Today was bittersweet.

It was bitter because I cut my hair that I had been growing for more than a year. It was sweet because I was once again able to donate my hair to my favorite charity, Locks of Love. I’ve been making these contributions since 2003. They started by chance one day as I happened upon a morning show that was doing a piece about the organization. They showed pictures of kids who couldn’t grow hair because of skin diseases and chemotherapy treatments for various types of cancers. It was sad, but it got even sadder for me when I remembered how tough being a normal kid was socially. I’m sure we all felt awkward at some time during our childhood, myself maybe more so. To a condition that kept you from growing hair on top of the normal pressures of childhood and young adulthood seemed like it would have been complete torture. So that day, I started growing my hair to show solidarity with sick children all over the world. Luckily my hair grew fast that year, and I was about to donate twelve inches my first time. This last time around, I was able to donate even more than that.

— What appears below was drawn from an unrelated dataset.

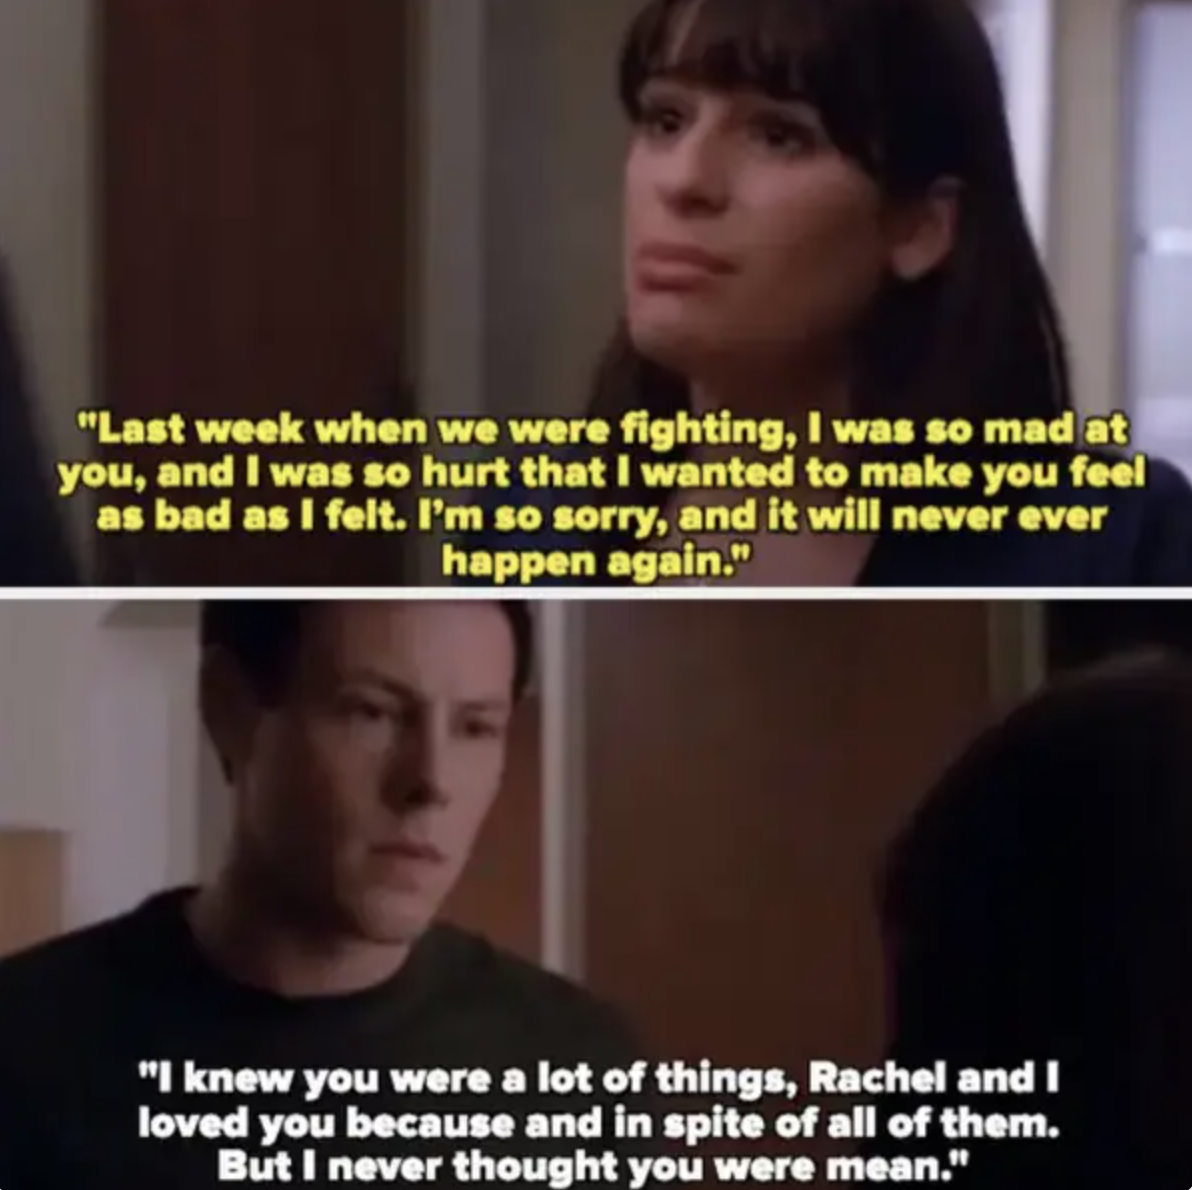 Rachel tells Finn she hooked up with Puck because she was hurt and wanted to make Finn feel as bad as she felt, Finn says he &quot;knew Rachel was a lot of things but he never thought she was mean&quot;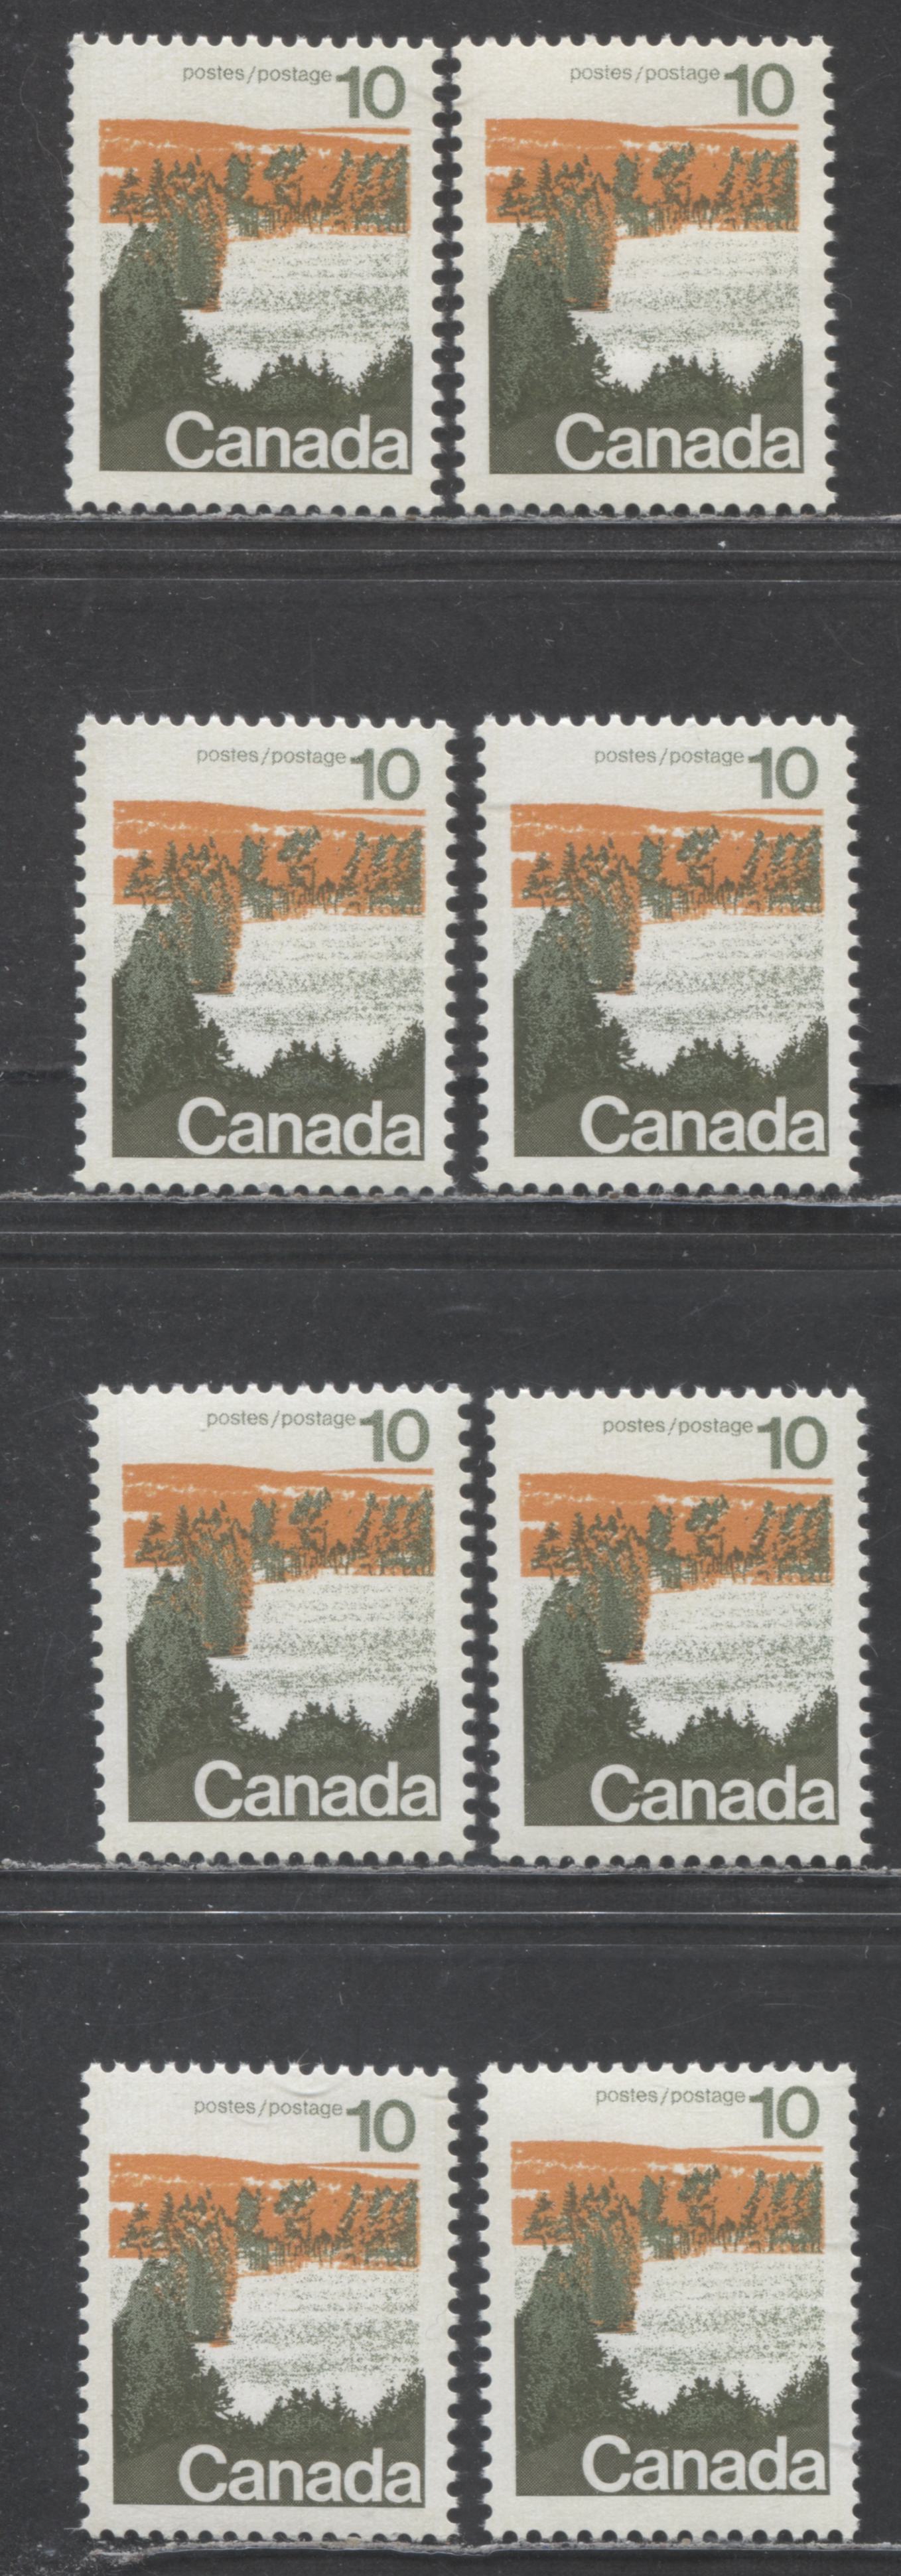 Lot 99 Canada #594 10c Multicolored Forest, 1972 Landscape Definitives, 8 VFNH and OG Singles With OP4 Tagging, Vertical Ribbed Surface Papers, Pale & Yellow Tags, Type 1 & Perf 12.5 x 12

There were other reasons for growing my hair. I pushed this donation as far as I could. First, some chicks dig a guy with long hair. I’m sure even more chicks would be down with it knowing that I was doing it “for the children.” Lately, though having long hair was the number one outward sign that I could exhibit of my personal and spiritual commitment to rock-and-roll, individuality and freedom from society’s bullshit norms. I would walk around the people I was exposed to everyday — the popular kids, the future Wall Street thieves, the self-aggrandizing political insiders and all the other so-called important people of the world. I could feel their contempt, because with one simple act of patience and perseverance, I created both defiance and social commentary against them and their ways.

I held on as long as I could, though. I’m currently in the process of re-evaluating my own personal brand. It’s a safe bet that part of the brand will involve scaling back in this regard quite a bit. That, and the practical situations that I’m facing in the “professional” and “career” worlds have helped to move me toward this action. While I could look on this as another unfortunate instance in a global economic downturn, I’m now re-interpreting my new short-haired lifestyle as a perverse mockery of the straight world, the same straight world that has spread madness, poverty, war and pestilence for centuries, despite their citizens claims of importance, wisdom and enlightenment.

While I doubt that I will be able to contribute via my hair donations in the near future, there are other ways to help. I encourage you, my loyal readers, to check out Locks of Love’s website and learn about the various ways you can make the world a little brighter for a sick child.